TASK BRIEF:
For the entries below, the expected answer is the line with "Elastos Là Gì", the line with "Peugeot Mixte Vintage", and every line between them, exactly as written, and nothing more.

THE DATA:
==============================

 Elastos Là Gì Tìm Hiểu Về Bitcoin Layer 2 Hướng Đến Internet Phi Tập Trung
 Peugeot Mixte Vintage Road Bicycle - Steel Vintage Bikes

==============================

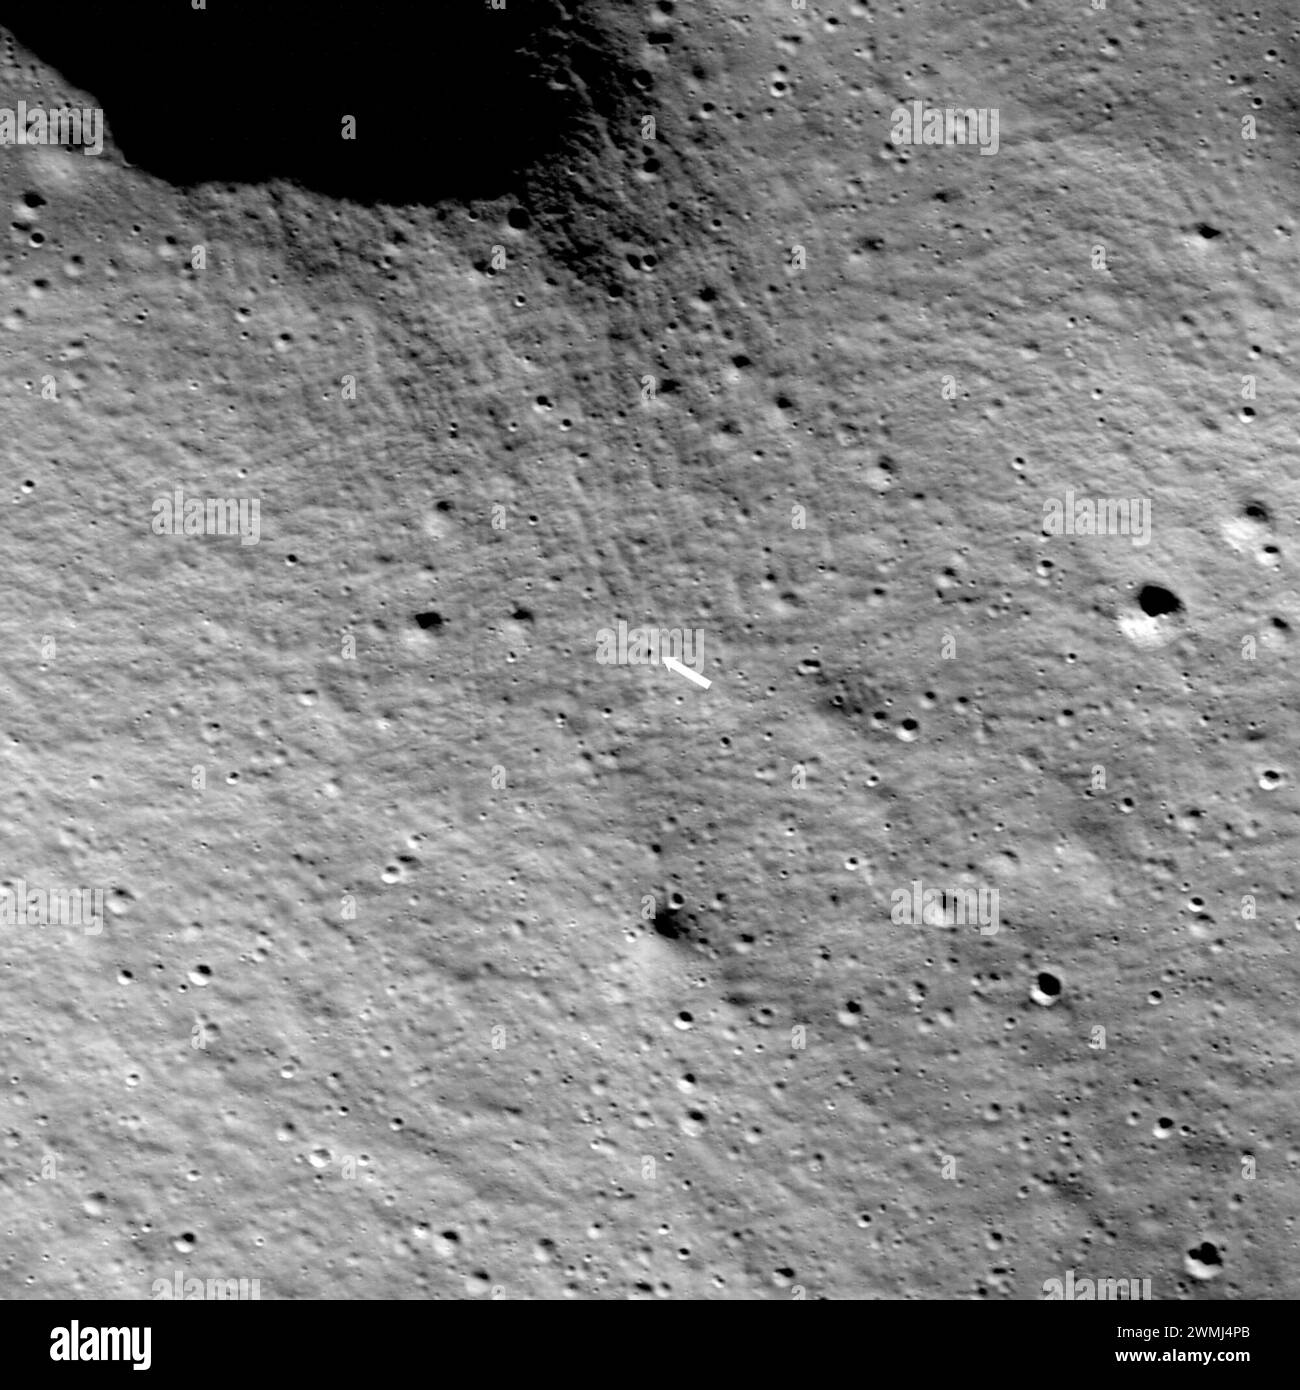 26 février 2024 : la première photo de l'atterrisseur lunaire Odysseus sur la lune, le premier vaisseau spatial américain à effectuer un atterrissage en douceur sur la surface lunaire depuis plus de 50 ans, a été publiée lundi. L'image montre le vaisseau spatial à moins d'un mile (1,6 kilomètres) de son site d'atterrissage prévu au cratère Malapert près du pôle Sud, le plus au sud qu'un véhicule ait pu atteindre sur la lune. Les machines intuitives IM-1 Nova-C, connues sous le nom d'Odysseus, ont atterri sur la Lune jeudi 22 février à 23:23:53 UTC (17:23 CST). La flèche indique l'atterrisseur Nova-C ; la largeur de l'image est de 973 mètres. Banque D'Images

==============================

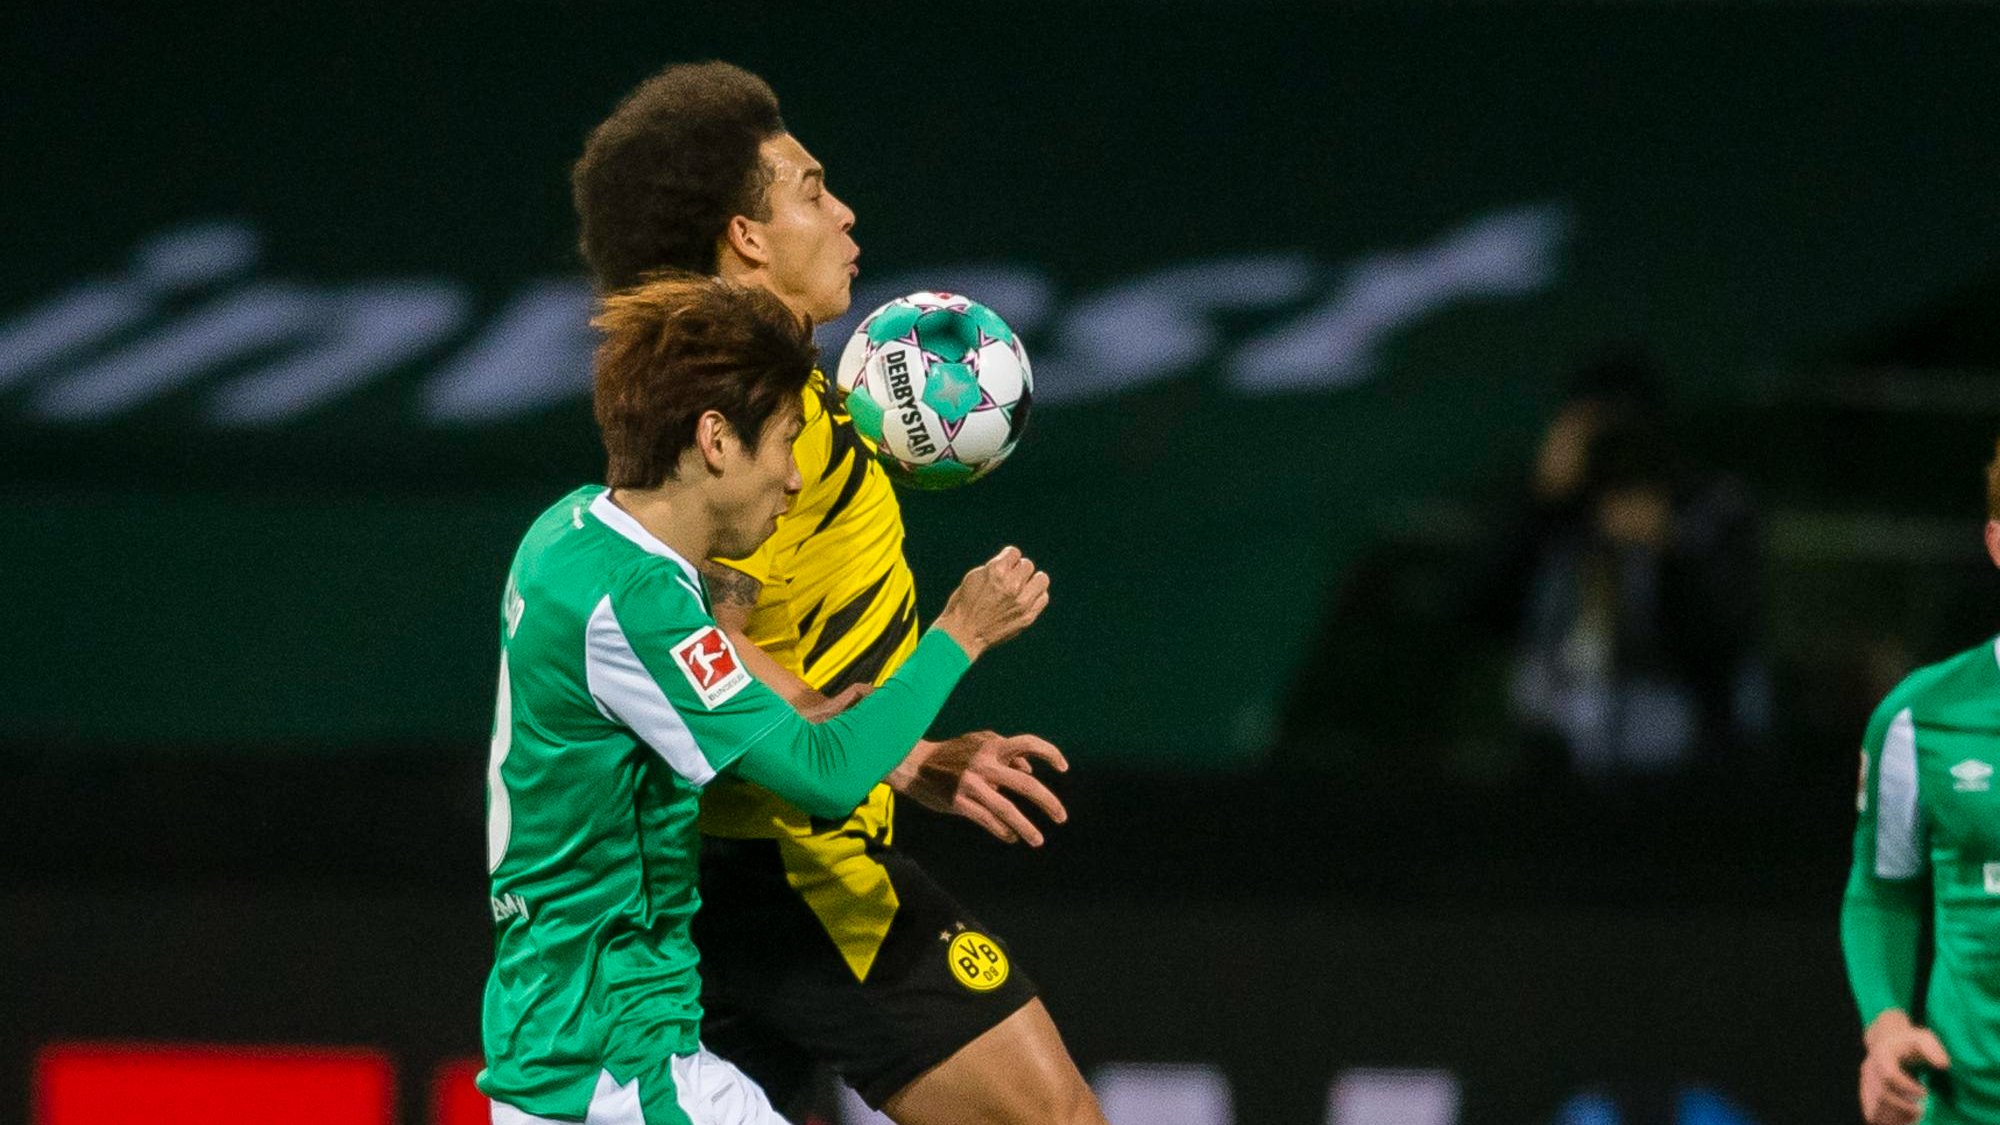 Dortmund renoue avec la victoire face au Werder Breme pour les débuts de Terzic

==============================

WORKED SOLUTION:
 Elastos Là Gì Tìm Hiểu Về Bitcoin Layer 2 Hướng Đến Internet Phi Tập Trung
 Peugeot Mixte Vintage Road Bicycle - Steel Vintage Bikes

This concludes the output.